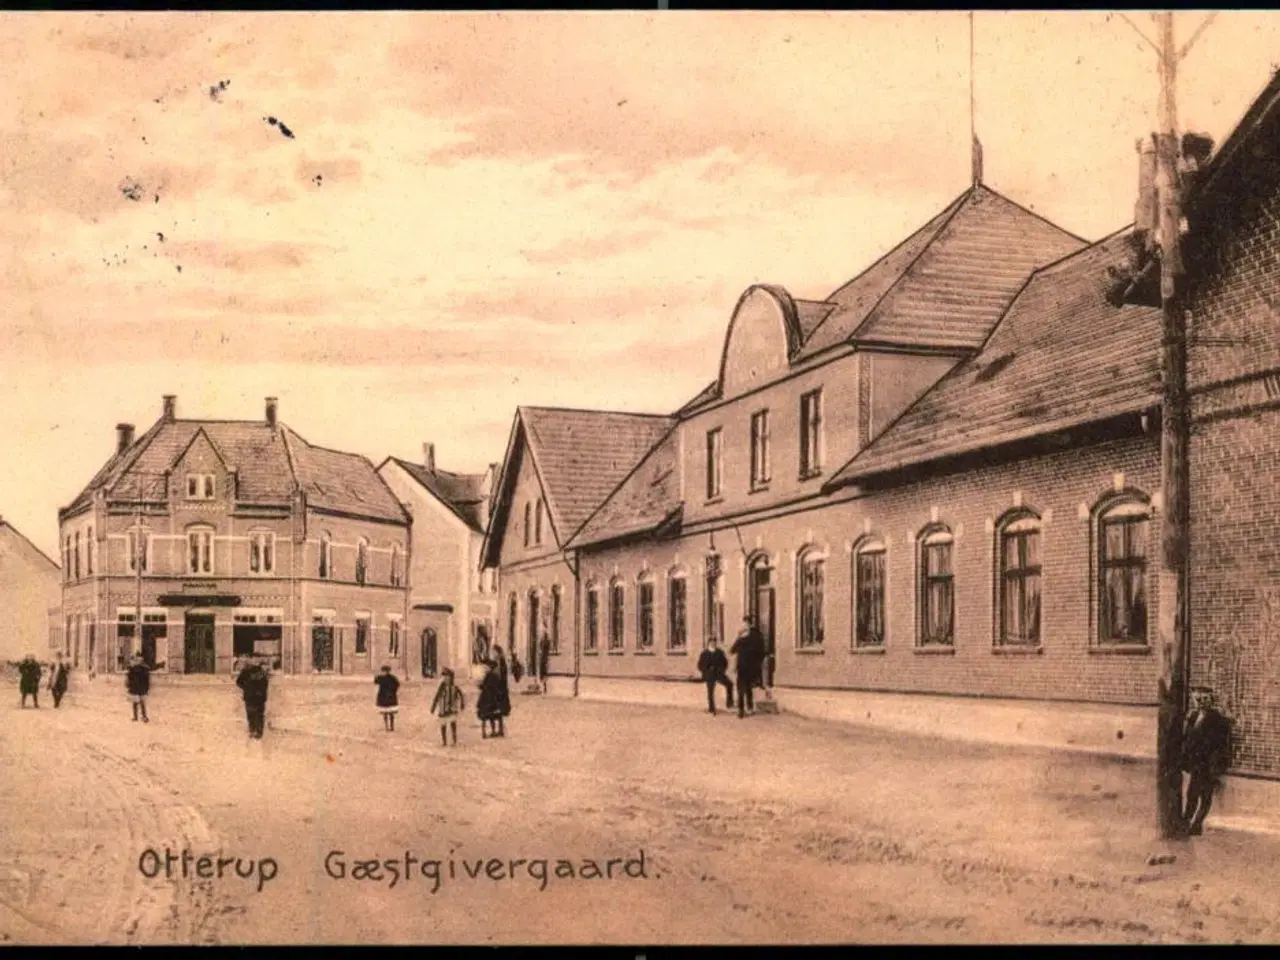 Billede 1 - Otterup - Gæstgivergaard - E.C. Eneret 21728 - Brugt
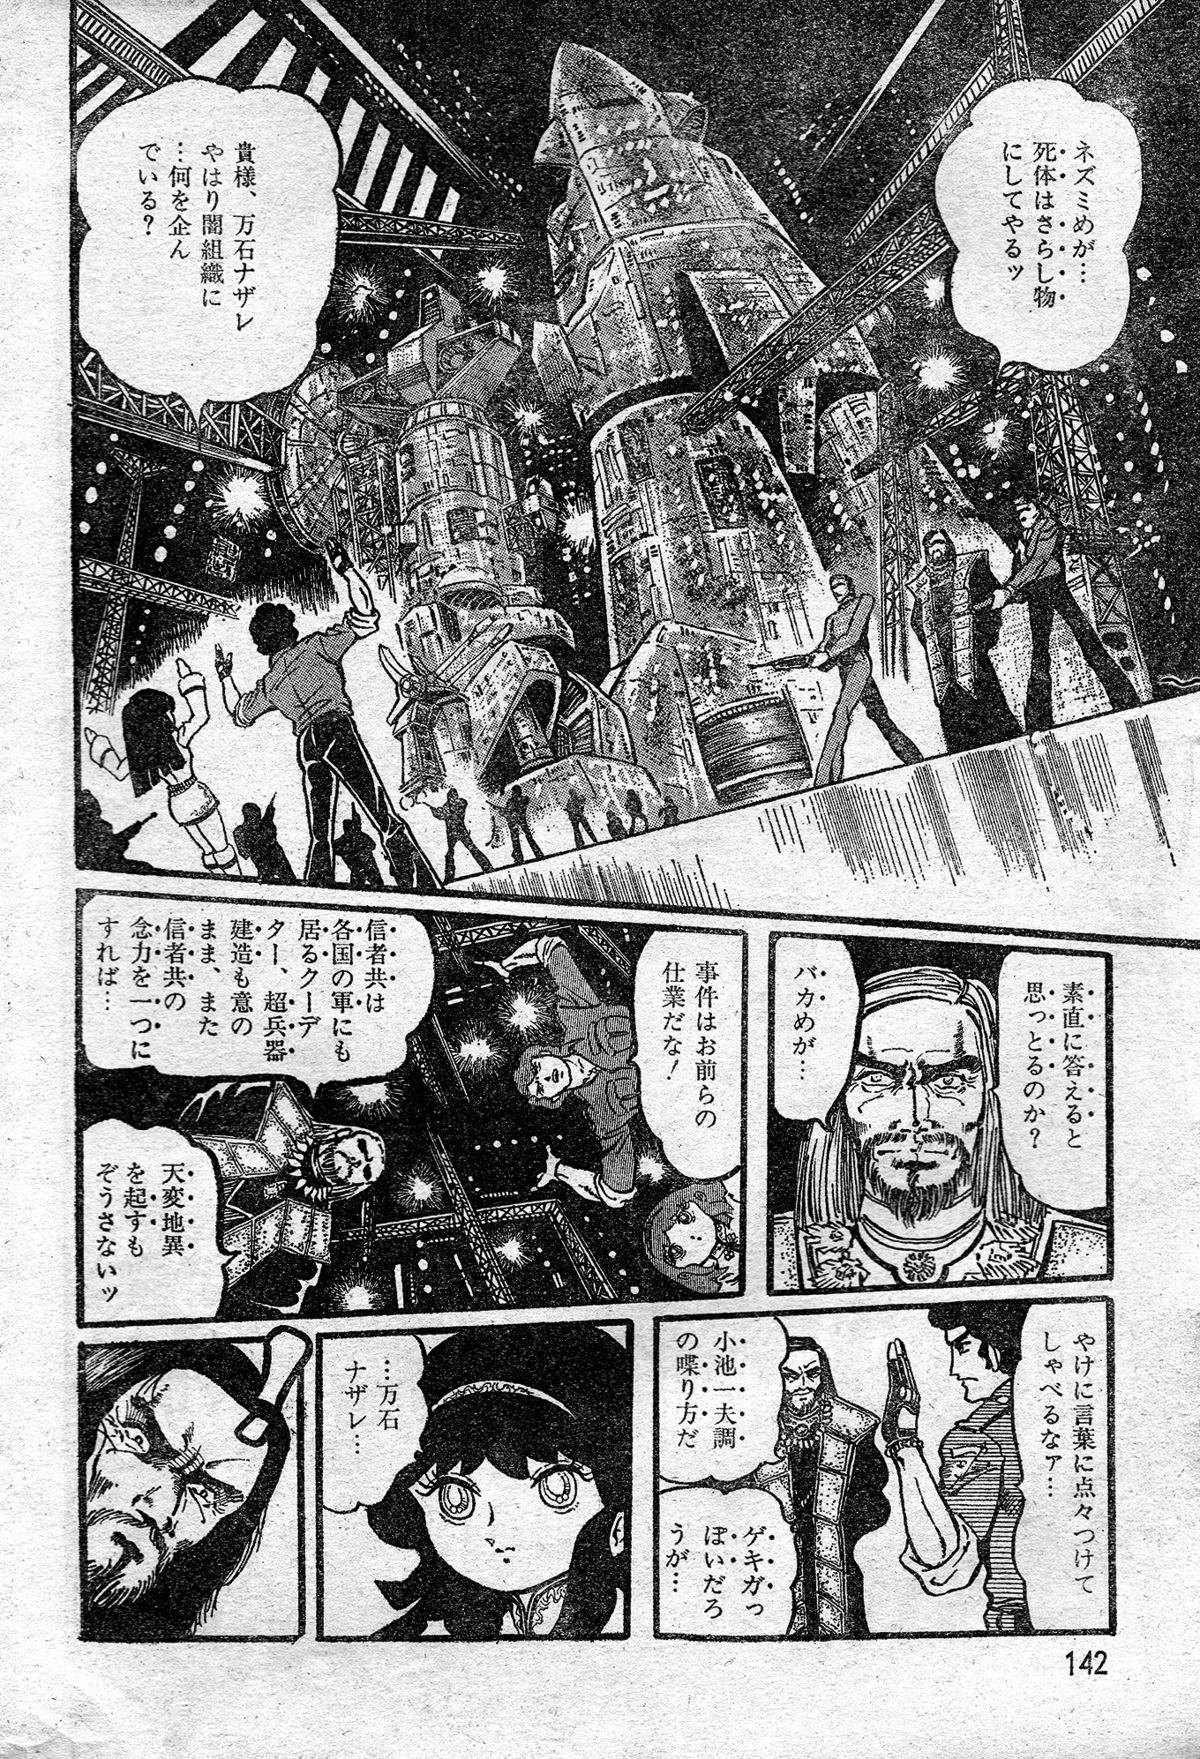 [破李拳竜] 撃殺!宇宙拳 第一章 (レモンピープル #2, 1982年3月)
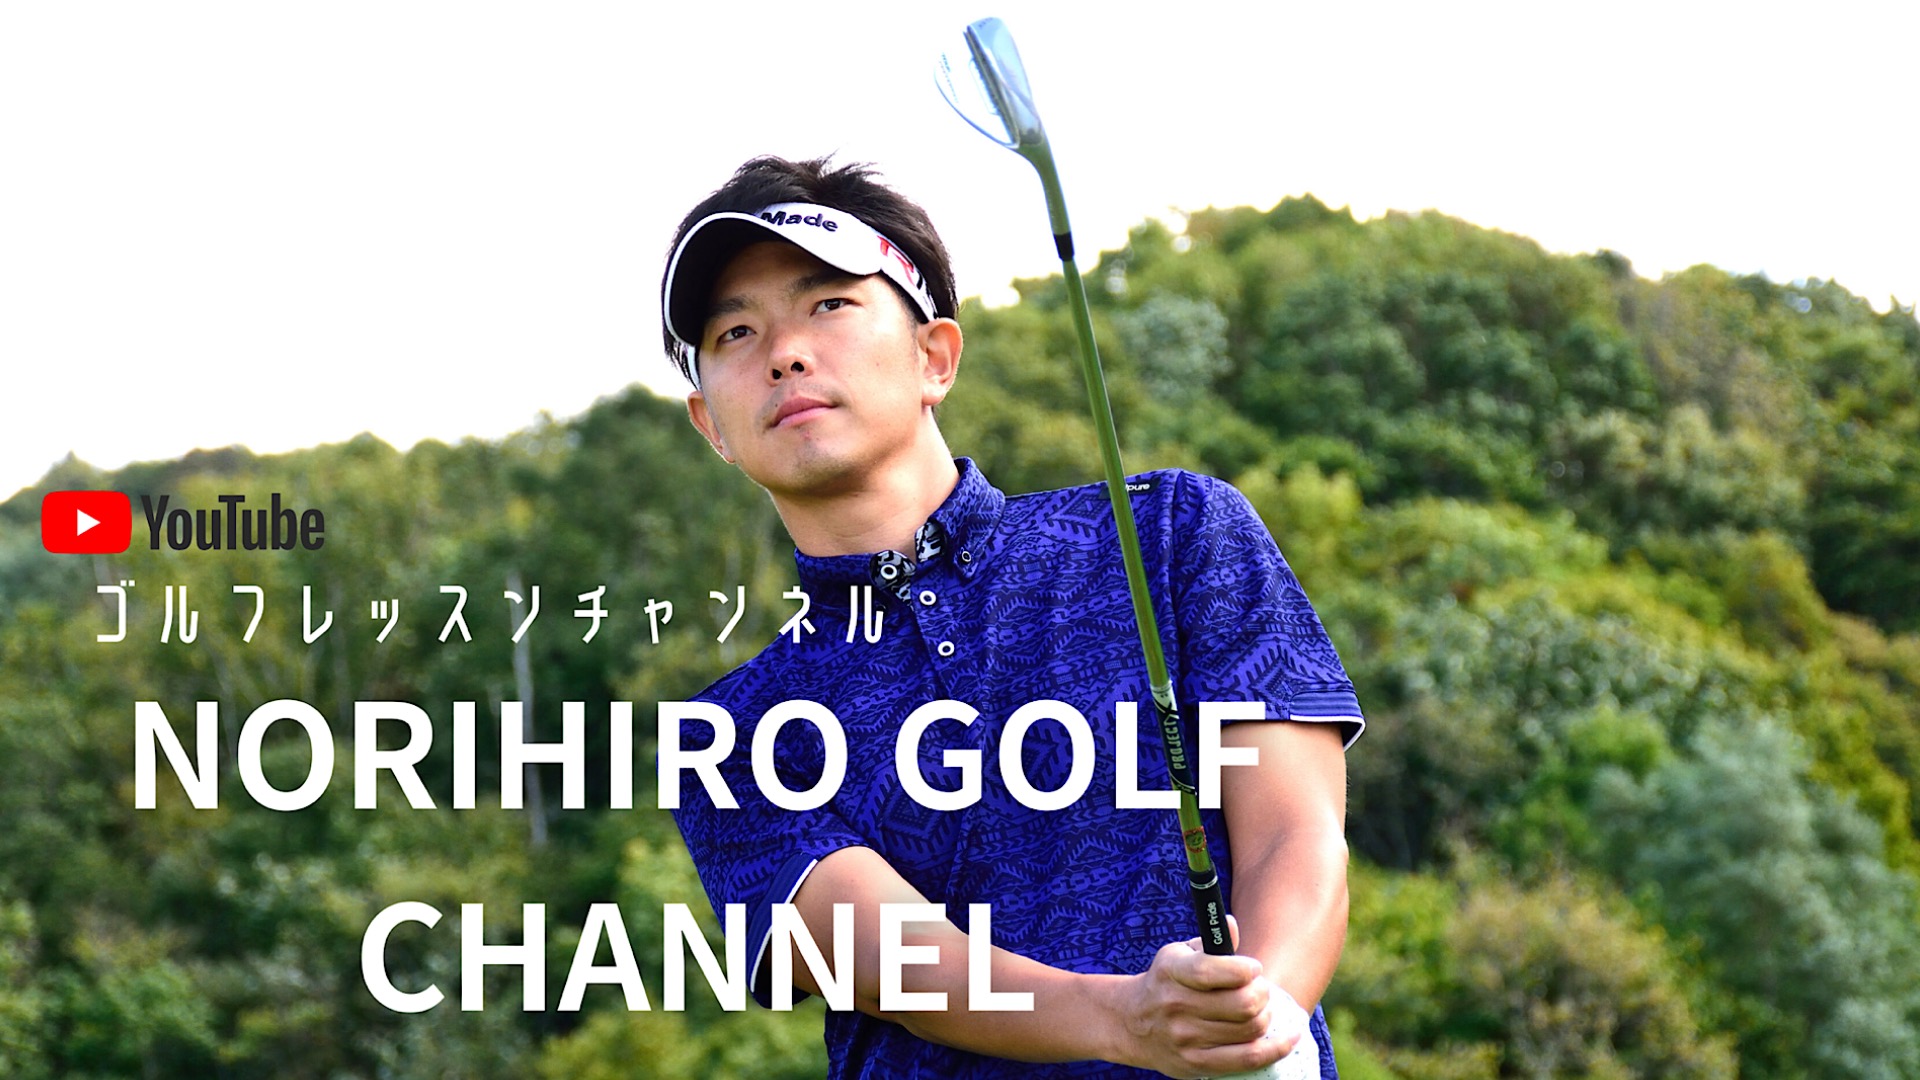 生涯スポーツ「ゴルフ」（Norihiro Golf チャンネル） - エキスパート

WHAT IS NEEDED
In the data, the line that contains "[破李拳竜] 撃殺!宇宙拳 第一章 (レモンピープル #2, 1982年3月)" begins the part to write out; restate it and each line after it word for word through the end, with no pictures.

RESPONSE AREA
 [破李拳竜] 撃殺!宇宙拳 第一章 (レモンピープル #2, 1982年3月)
 生涯スポーツ「ゴルフ」（Norihiro Golf チャンネル） - エキスパート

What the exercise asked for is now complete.